On Wed, Sep 11, 2013 at 9:06 PM, Steve Langasek <
<email address hidden>> wrote:

> Hello martyfelker, or anyone else affected,
>
> Accepted xserver-xorg-video-nouveau into quantal-proposed. The package
> will build now and be available at http://launchpad.net/ubuntu/+source
> /xserver-xorg-video-nouveau/1:1.0.3-0ubuntu0.2 in a few hours, and then
> in the -proposed repository.
>
> Please help us by testing this new package. See
> https://wiki.ubuntu.com/Testing/EnableProposed for documentation how to
> enable and use -proposed. Your feedback will aid us getting this update
> out to other Ubuntu users.
>
> If this package fixes the bug for you, please add a comment to this bug,
> mentioning the version of the package you tested, and change the tag
> from verification-needed to verification-done. If it does not fix the
> bug for you, please add a comment stating that, and change the tag to
> verification-failed. In either case, details of your testing will help
> us make a better decision.
>
> Further information regarding the verification process can be found at
> https://wiki.ubuntu.com/QATeam/PerformingSRUVerification . Thank you in
> advance!
>
>
> ** Changed in: xserver-xorg-video-nouveau (Ubuntu Quantal)
> Status: New => Fix Committed
>
> ** Tags added: verification-needed
>
> --
> You received this bug notification because you are subscribed to the bug
> report.
> https://bugs.launchpad.net/bugs/1056511
>
> Title:
> Xorg crashed with SIGABRT in memcpy() from NVRefreshArea()
>
> To manage notifications about this bug go to:
>
> https://bugs.launchpad.net/ubuntu/+source/xorg-server/+bug/1056511/+subscriptions
>

tested again on my tv at a 1680x1050 resolution, seems to work.

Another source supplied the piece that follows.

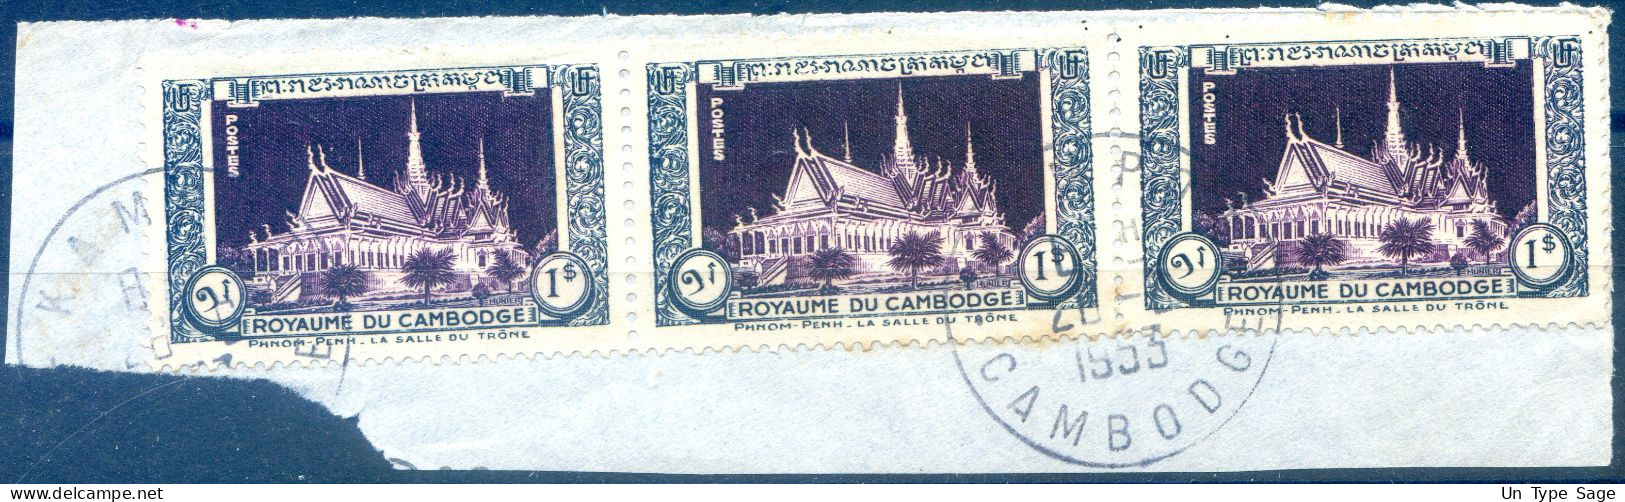 Cambodge, TAD PHNOM PENH 1953 - (F359) - Kambodscha
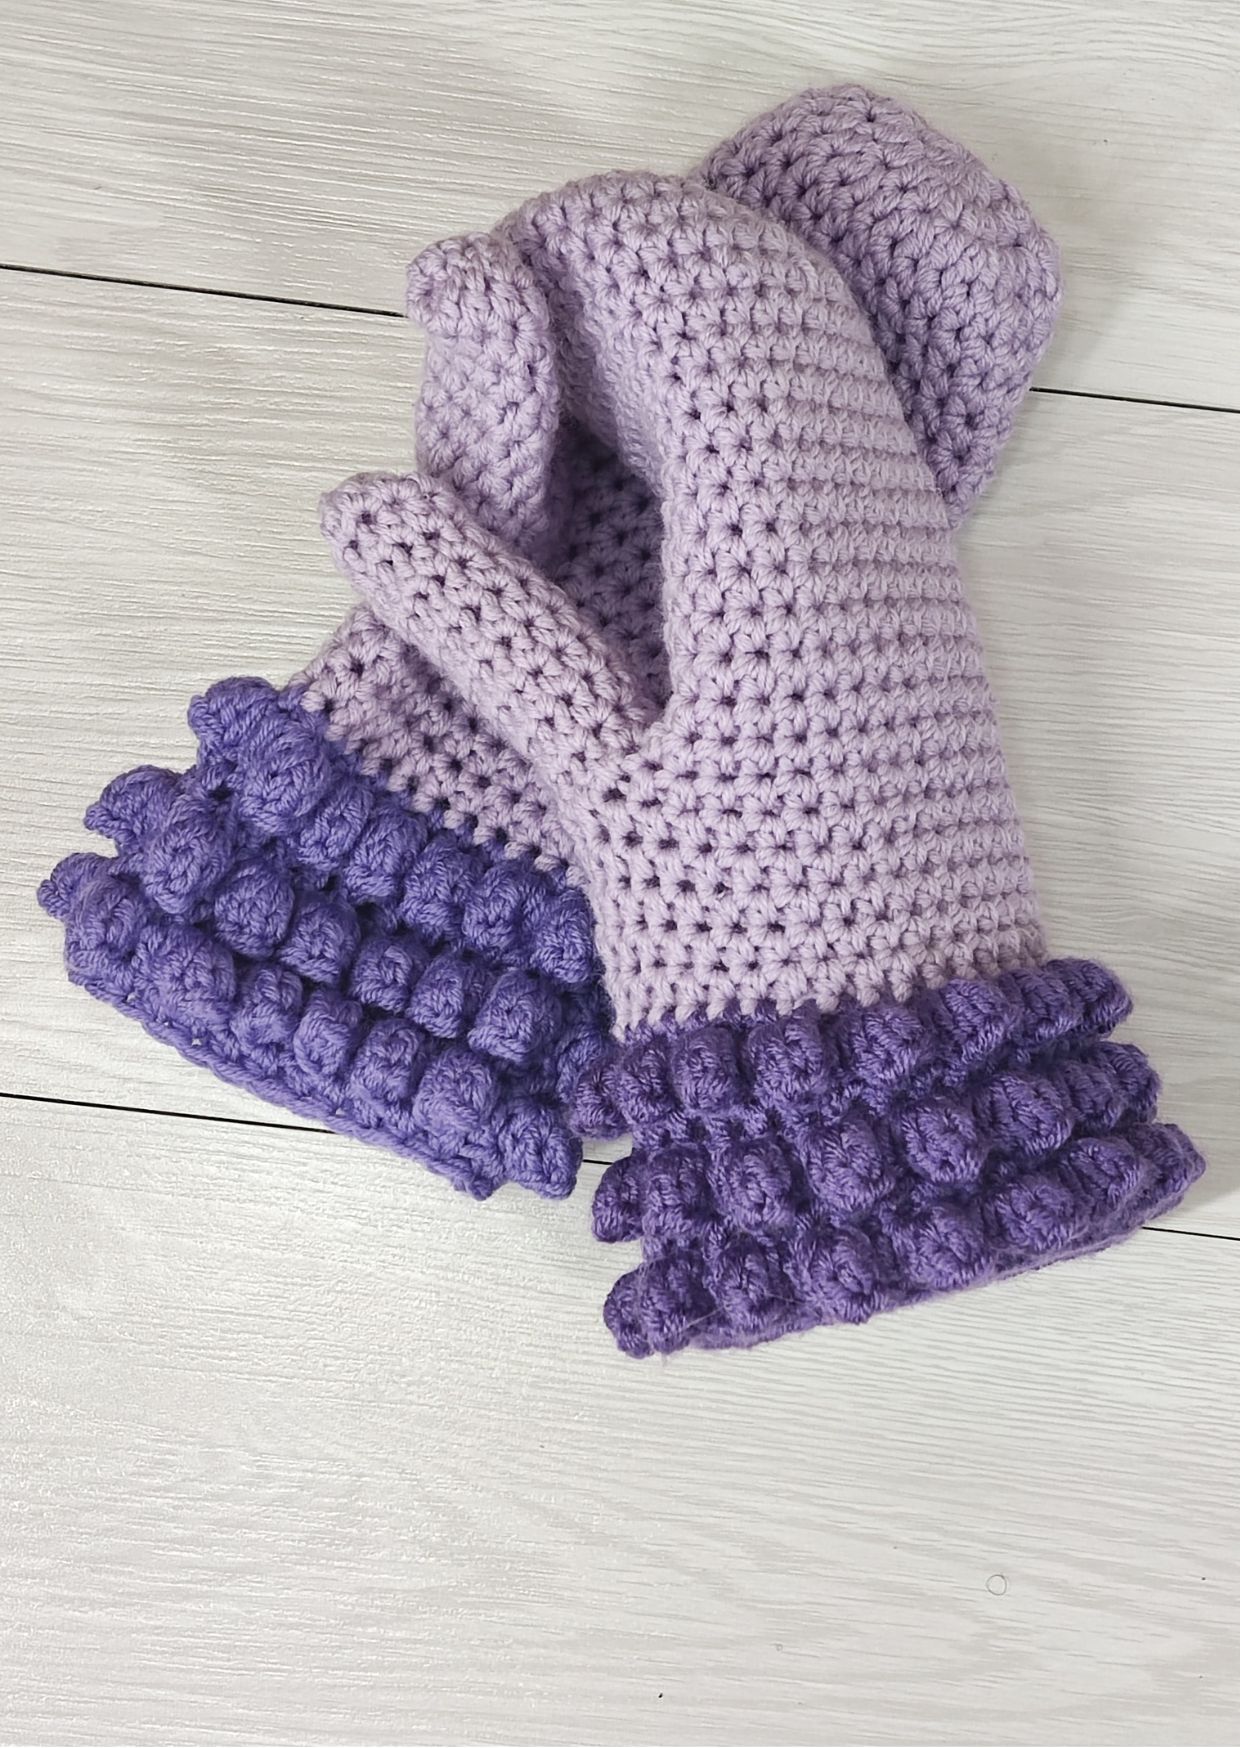 Crochet mittens free pattern

This bug was fixed in the package xserver-xorg-video-nouveau - 1:1.0.3-0ubuntu0.2

---------------
xserver-xorg-video-nouveau (1:1.0.3-0ubuntu0.2) quantal-proposed; urgency=low

  * Revert kwin fix, it caused a regression.
    - 101-Revert-nouveau-dri2-fix-pixmap-window-offset-calcs.patch

xserver-xorg-video-nouveau (1:1.0.3-0ubuntu0.1) quantal-proposed; urgency=low

  [ Maarten Lankhorst ]
  * New upstream bugfix release
  * Fix SIBABRT in NVRefreshArea (LP: #1056511)
  * Fix race condition in vblank
  * Add solid fill acceleration (LP: #1010794)
  * Cleanup download/upload screen functions (LP: #1010794)
  * Fix prime rendering with kwin

xserver-xorg-video-nouveau (1:1.0.3-1) UNRELEASED; urgency=low

  [ Maarten Lankhorst ]
  * New upstream release.
  * Drop 02-drm-nouveau-newabi.patch and require libdrm 2.4.34

  [ Timo Aaltonen ]
  * watch: Use the .gz tarball, and update the url.
 -- Maarten Lankhorst <email address hidden> Thu, 28 Feb 2013 12:35:09 +0100

The verification of the Stable Release Update for xserver-xorg-video-nouveau has completed successfully and the package has now been released to -updates. Subsequently, the Ubuntu Stable Release Updates Team is being unsubscribed and will not receive messages about this bug report. In the event that you encounter a regression using the package from -updates please report a new bug using ubuntu-bug and tag the bug report regression-update so we can easily find any regresssions.